La semejanza de pensamiento entre el rey Salomón y los filósofos estoicos más que responder a una correspondencia académica, es reflejo de la preocupación que cualquier persona puede llegar a sentir cuando descubre que todo cuanto ve está condenado a la extinción. Así, no son sólo los israelitas o los griegos quienes han detenido su casi automático andar para dar respuesta a las preguntas esenciales de la vida, sino que prácticamente cualquier cultura ha pretendido encarar, aunque sea sólo por una vez, a la muerte.

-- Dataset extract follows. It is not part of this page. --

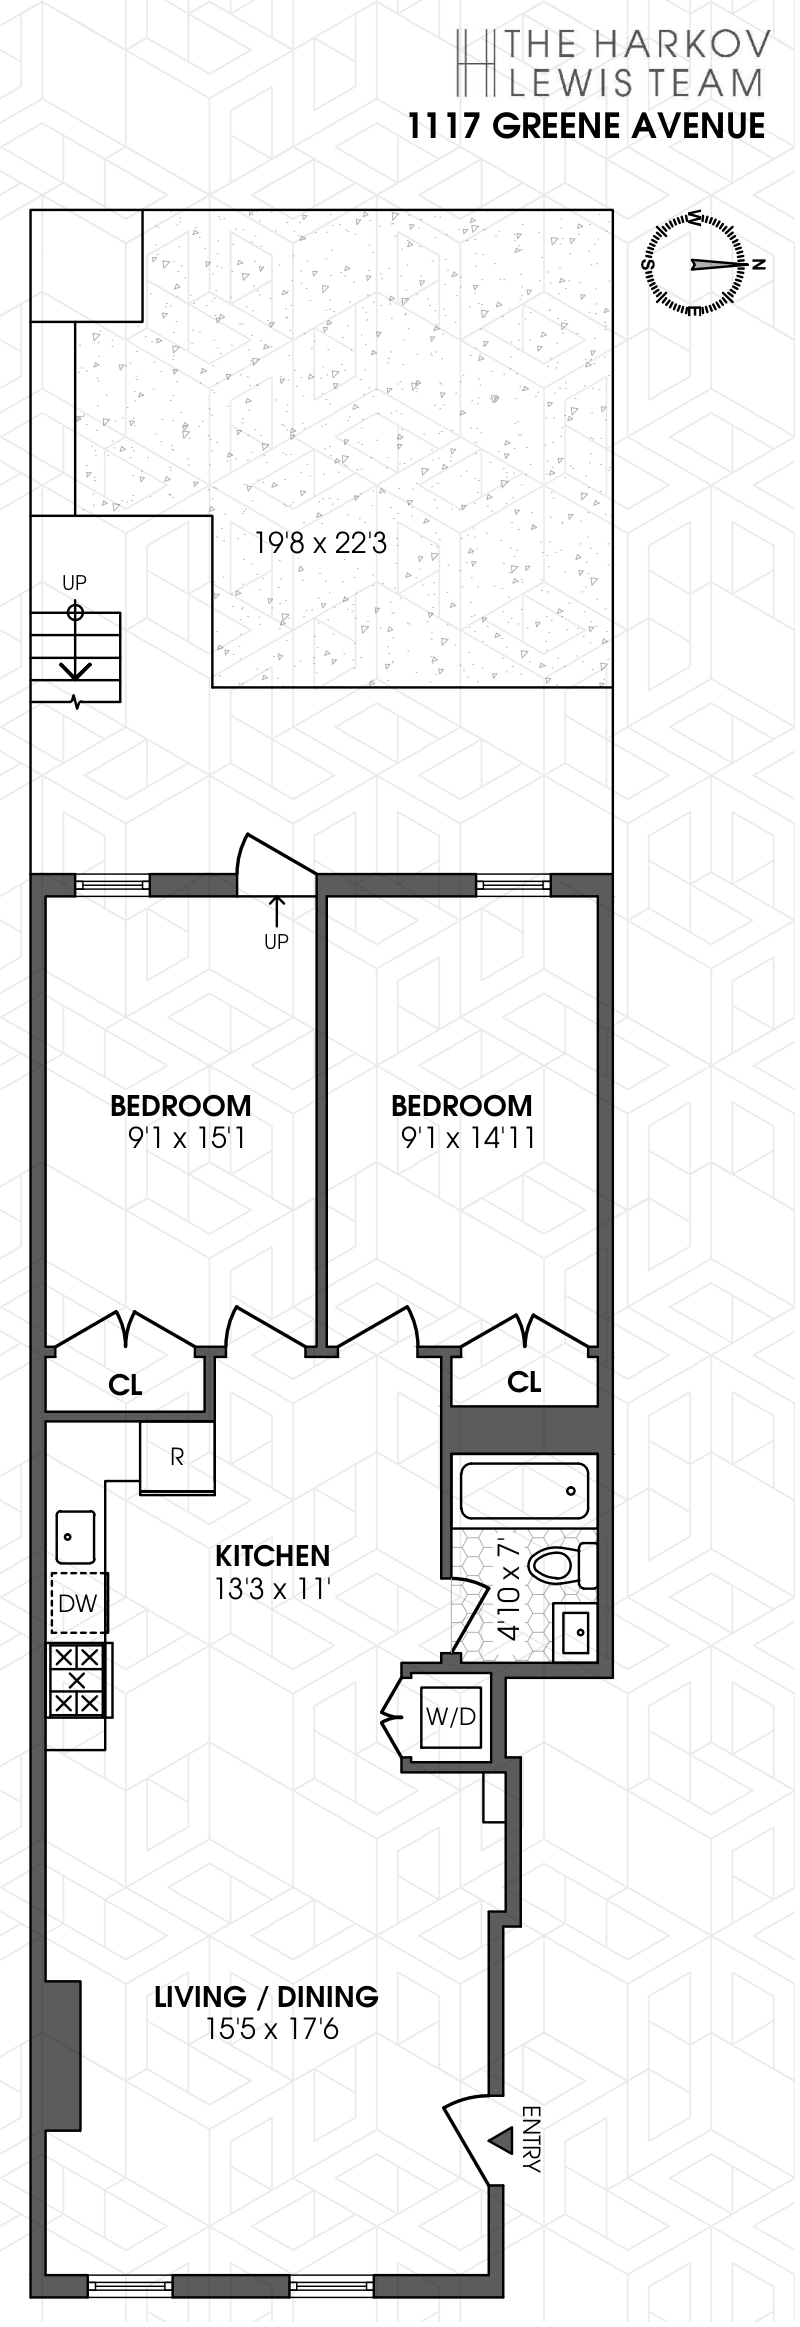 Floorplan for 1117 Greene Avenue

El sacerdote mexicano Ángel María Garibay, en su “Poesía indígena de la altiplanicie”, habla de la siguiente manera: «los poemas de las culturas precolombinas no reflexionan en torno a la condición humana porque hayan establecido un contacto con los grecolatinos, sino porque son la voz del hombre, que reacciona de manera semejante en todas partes y tiempos, ante el enigma de la vida y la inapelable necesidad de morir.» De lo anterior, señalemos los siguientes versos indígenas, escritos algunos de ellos mucho antes del sometimiento español:
«Sólo venimos a dormir, sólo venimos a soñar: no es verdad que venimos a vivir en la tierra. En yerba de primavera venimos a convertirnos: llegan a reverdecer, llegan a abrir sus corolas nuestros corazones, es una flor nuestro cuerpo: da algunas flores y se seca. ¿Conque he de irme cual flores que fenecen? ¿Nada será mi nombre alguna vez? ¿Nada dejaré en pos de mí en la tierra? ¡Al menos flores, al menos cantos! ¿Cómo ha de obrar mi corazón? ¿Acaso en vano venimos a vivir, a brotar en la tierra? ¿Acaso es verdad que se vive en la tierra? ¿Acaso para siempre en la tierra? ¡Sólo un breve instante aquí! Hasta las piedras finas se resquebrajan, hasta el oro se destroza, hasta las plumas preciosas se desgarran. ¿Acaso para siempre en la tierra? ¡Sólo un breve instante aquí! En vano nací, en vano vine a brotar en la tierra, soy un desdichado, aunque nací y broté en la tierra. ¿Qué harán los hijos que han de sobrevivir?»
Es por ignorancia que solemos fijar nuestra atención únicamente en las culturas euroasiáticas. No negamos aquí la importancia de las culturas antiguas de los mencionados continentes, pues a fin de cuentas son la base de nuestra moralidad, pero hay aceptar que si desdeñamos a las culturas prehispánicas es, generalmente, porque las creemos inferiores, incluso bárbaras, y es por este prejuicio que no nos percatamos de joyas como los anteriores poemas, los cuales replican, sin buscarlo, las mismas ideas del “Eclesiastés” y de los estoicos, y estas ideas son aquellas que insisten en que la realidad no es más que una ilusión y que la única certeza es que un día alimentaremos a los gusanos con nuestro cuerpo. Sólo soñamos, dicen los poetas precolombinos, y en esta tierra nunca vivimos realmente, pues estamos dormidos. Sólo un instante aquí porque al final de los días todos nos quebraremos, nos romperemos, todos nos marchitaremos, pues desde que fuimos sembrados no somos más que una flor secándose.